Le titre de ce post est une devise que j'aurai pu mettre en tête de mon blog, que j'ai lu il y a fort longtemps dans un livre de Gilbert Cesbron qui citait un anonyme.
En un mot il s'agit de relativiser. Idée simple non ? Pas si évident.
Pour illustrer ce propos, j'ai noté cette info dans le Monde :
"Pour le prix de moins de 40 jours passés en Irak, nous pourrions donner une couverture santé à 10 millions d'enfants pour une année entière"
C'est ce qu'a déclaré Nancy Pelosi, la présidente démocrate de la Chambre des représentants, aux Etats-Unis, face à la demande du président Bush au Congrès d'accorder 42,3 mds de $ supplémentaires pour les opérations militaires en Irak et en Afghanistan en 2008. Cette somme s'ajoute à une rallonge de 147 mds pour l'année fiscale 2008, commencée le 1er octobre. Le prix de la guerre atteindrait ainsi plus de 757 mds de $ depuis 2001. "Le coût colossal de cette guerre croît chaque jour davantage, en vies perdues, en $ dépensés et en crédit que nous avons autour du monde (...). Nous devons mettre fin à cette guerre", a ajouté Mme Pelosi.

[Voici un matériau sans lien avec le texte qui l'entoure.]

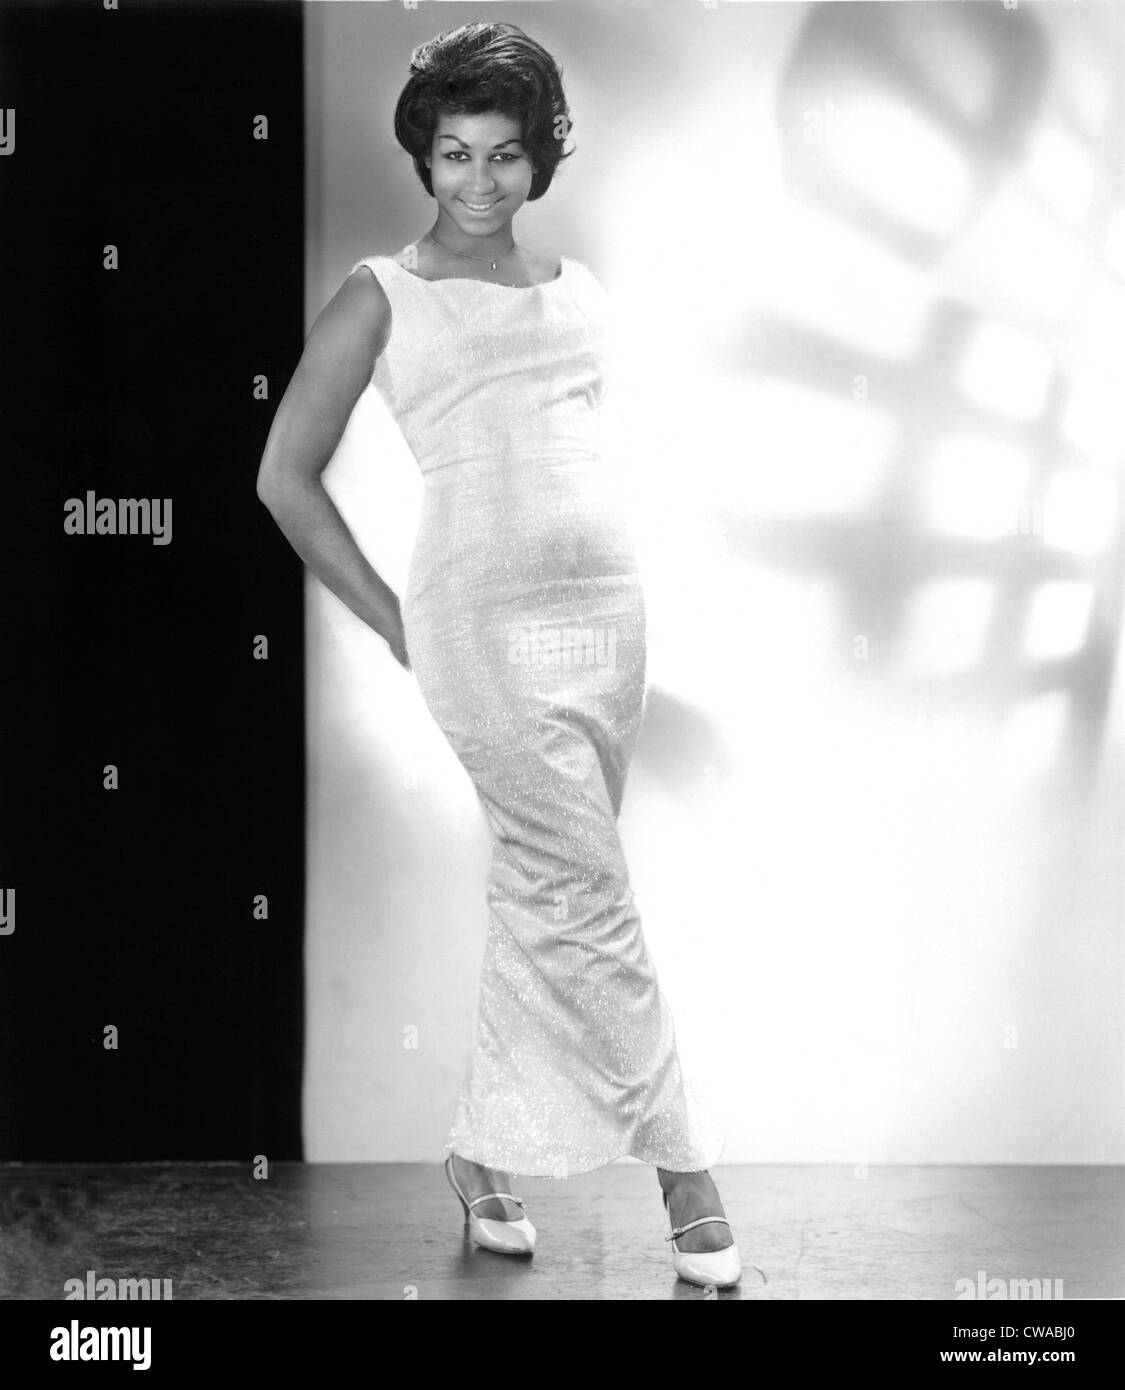 ARETHA FRANKLIN, 1965, Columbia Records publicity portrait. CSU Archives/Everett Collection. - Stock Image

C'est en lisant cette déclaration que je me suis rappelé des paroles imprudentes de notre ministre des Affaires Etrangères entendues à la radio, il y a quelques semaines.
C'est en lisant cette déclaration que je me suis rappelé des paroles imprudentes de notre ministre des Affaires Etrangères entendues à la radio, il y a quelques semaines.
Bernard Kouchner devrait réfléchir à ce que vient de déclarer Nancy Pelosi avant de jouer les matamores de salon lorsqu'il a parlé de préparatifs de guerre à propos de l'Iran.
Il a bien sûr démenti ses propos guerriers après les avoir prononcé, ayant compris qu'il ne parlait pas à un petit cercle d'initiés mondains qu'on peut faire frissonner à peu de frais mais à toute la population française que la guerre en Irak ou ailleurs a toujours révulsé. Kouchner a oublié un instant l'horreur de la guerre. Nancy Pelosi lui rappelle aujourd'hui la balance des paiements des souffrances si je peux oser cette analogie.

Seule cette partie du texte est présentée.